- EXERCISE OBJECTIVE -
Please copy, exactly as written, the span from the first line below to the line that contains "JVC LPT0640-001A specifications", including both, and skip the pictures.

- STORED DATA -
----
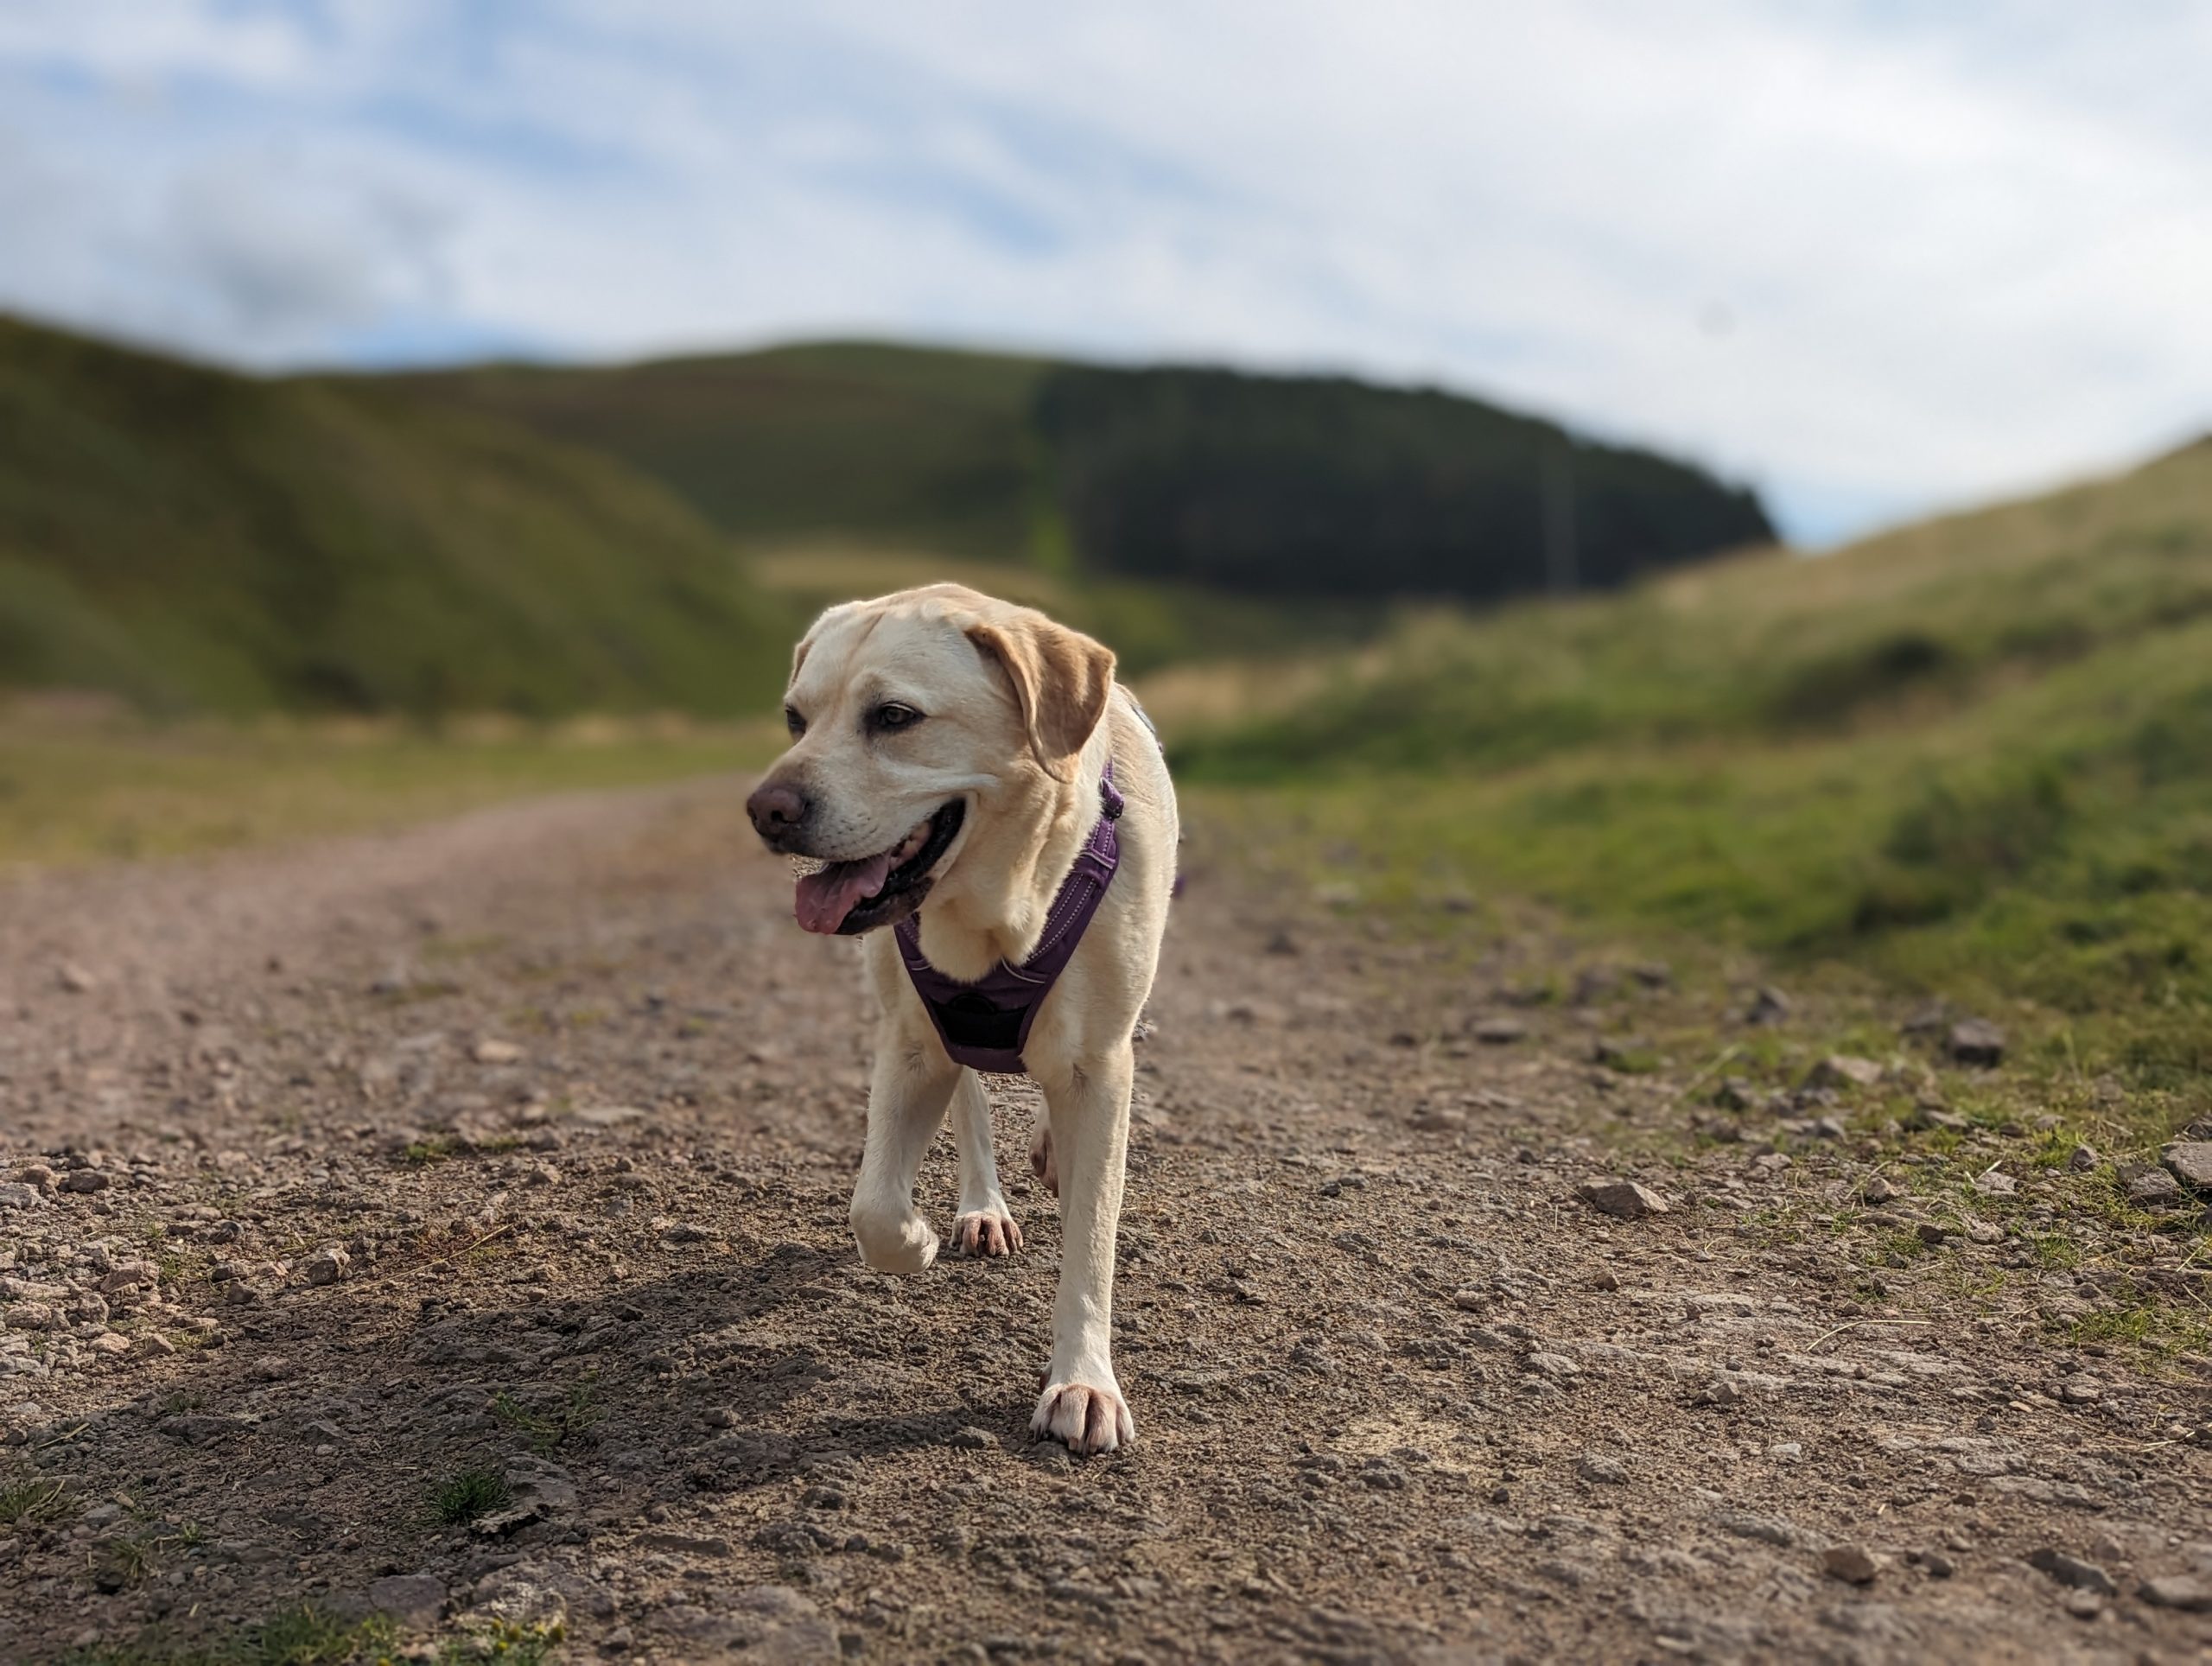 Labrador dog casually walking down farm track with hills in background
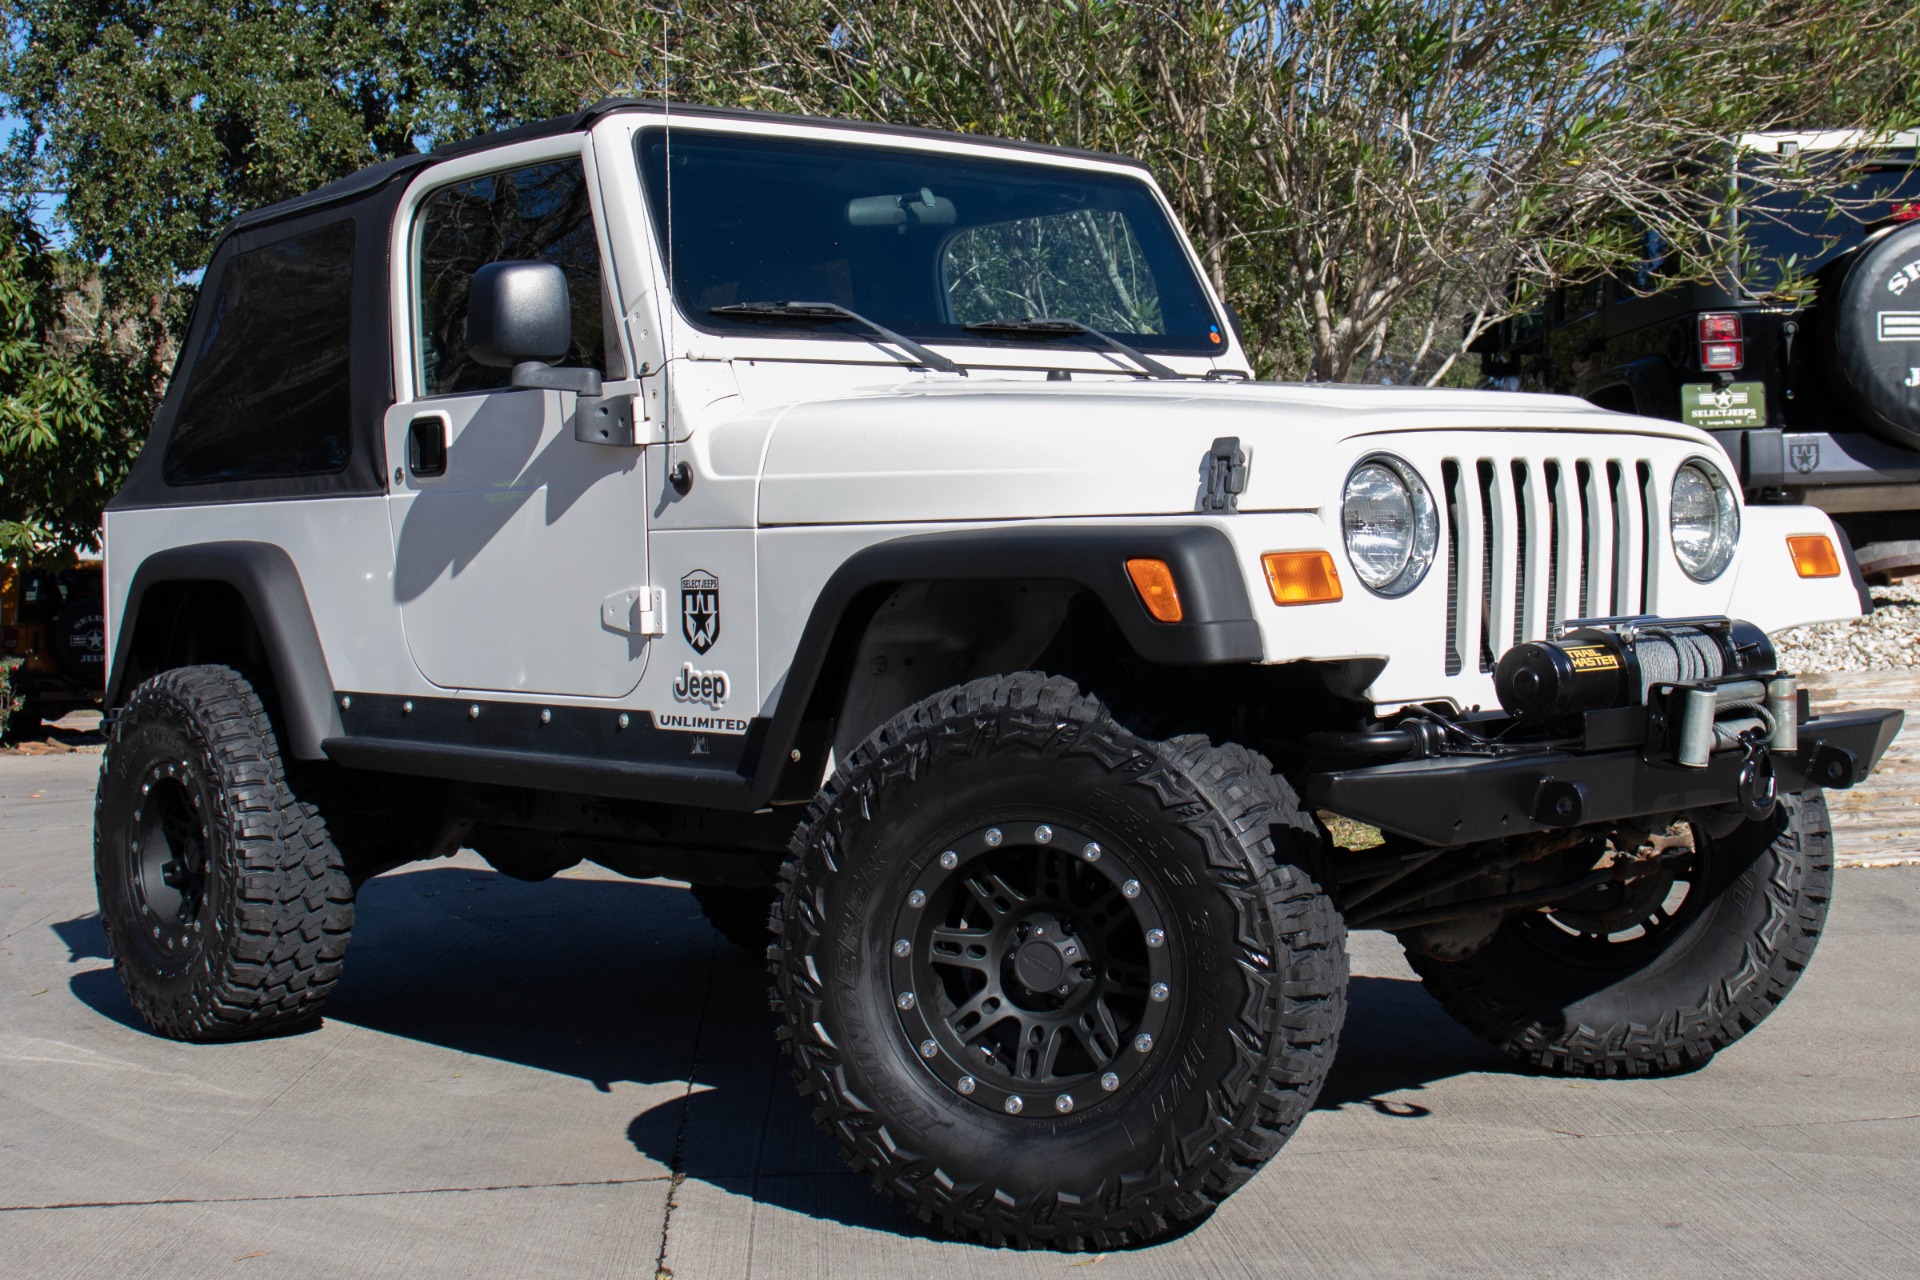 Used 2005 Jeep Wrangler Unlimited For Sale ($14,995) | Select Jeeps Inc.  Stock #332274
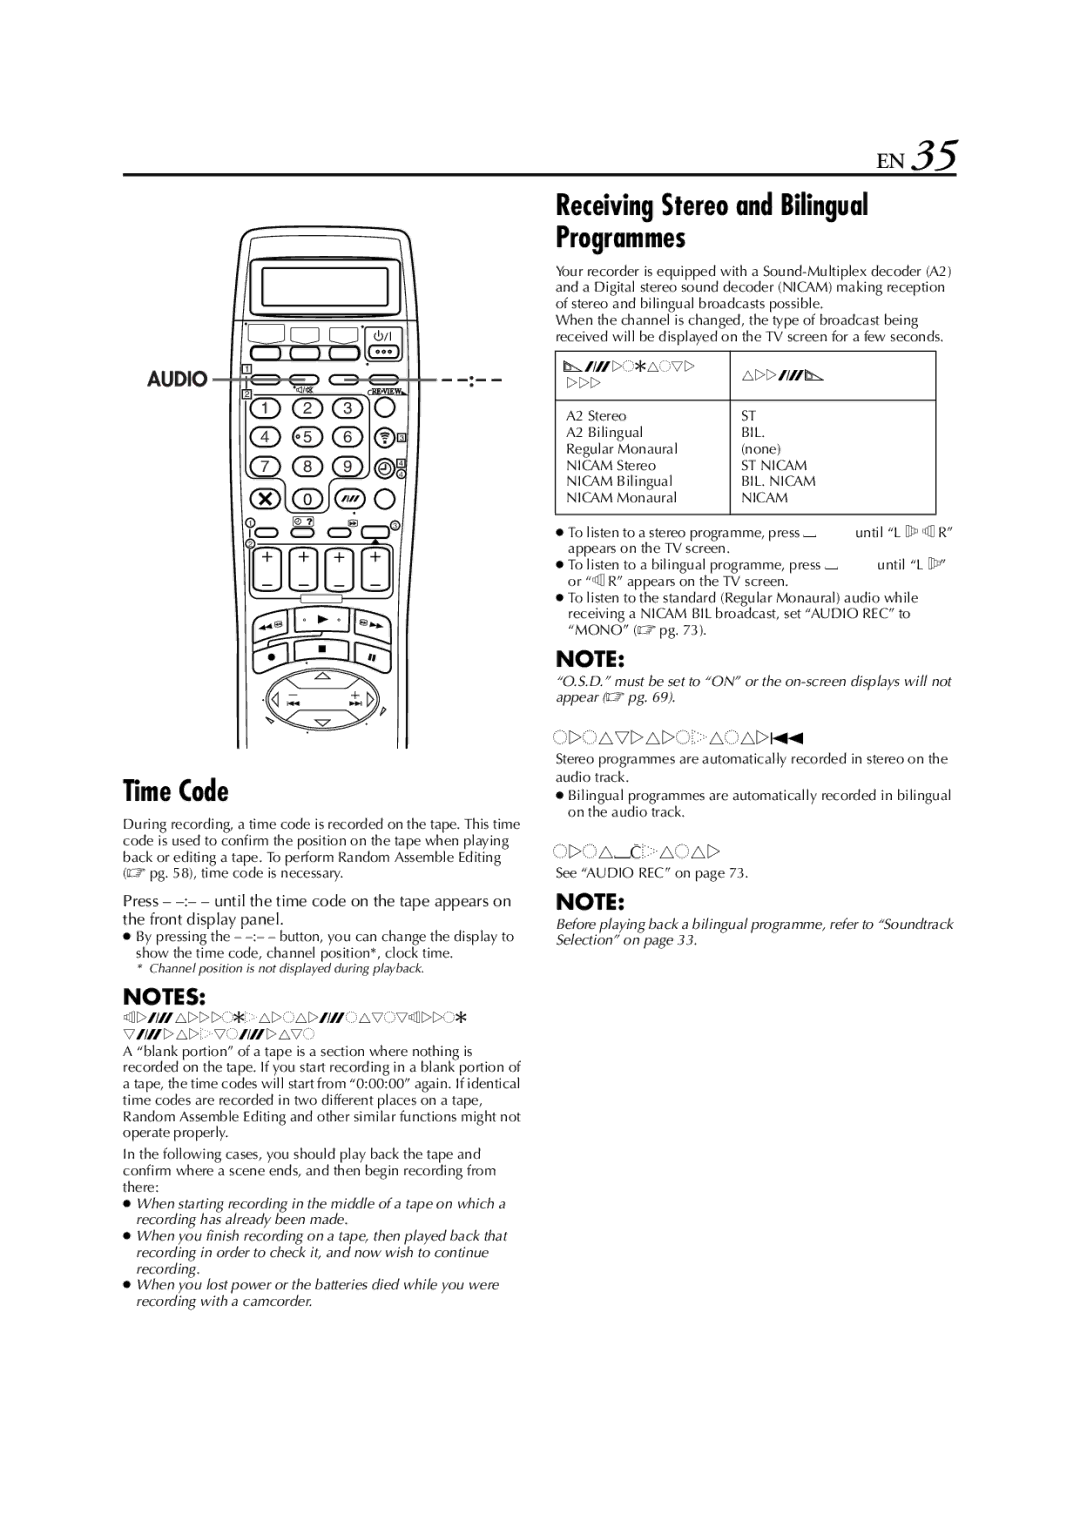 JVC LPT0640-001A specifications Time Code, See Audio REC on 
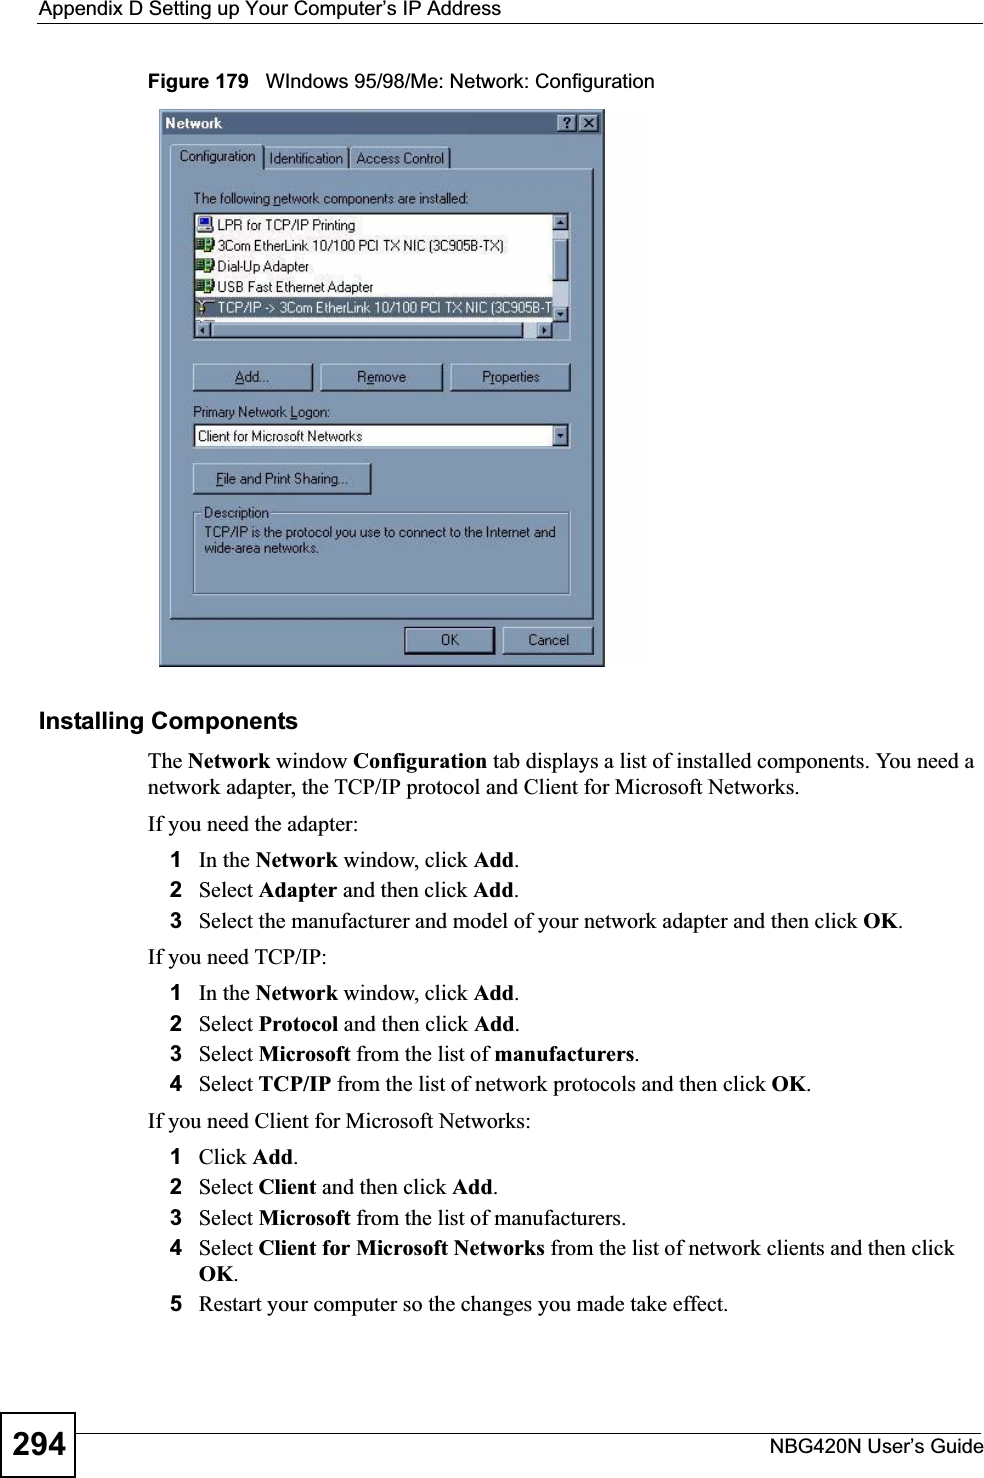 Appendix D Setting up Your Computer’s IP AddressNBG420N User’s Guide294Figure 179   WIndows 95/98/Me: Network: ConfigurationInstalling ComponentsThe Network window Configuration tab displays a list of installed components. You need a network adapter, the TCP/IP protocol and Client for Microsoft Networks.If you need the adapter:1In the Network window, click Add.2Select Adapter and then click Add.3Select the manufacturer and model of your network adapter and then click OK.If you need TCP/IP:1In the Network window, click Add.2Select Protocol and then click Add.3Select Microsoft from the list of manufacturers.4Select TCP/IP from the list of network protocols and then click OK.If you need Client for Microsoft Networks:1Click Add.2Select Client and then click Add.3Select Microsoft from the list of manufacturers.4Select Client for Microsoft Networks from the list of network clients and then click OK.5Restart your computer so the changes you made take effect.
----
- ANSWER BOX -
 Labrador dog casually walking down farm track with hills in background
 Used 2005 Jeep Wrangler Unlimited For Sale ($14,995) | Select Jeeps Inc.  Stock #332274
 JVC LPT0640-001A specifications Time Code, See Audio REC on 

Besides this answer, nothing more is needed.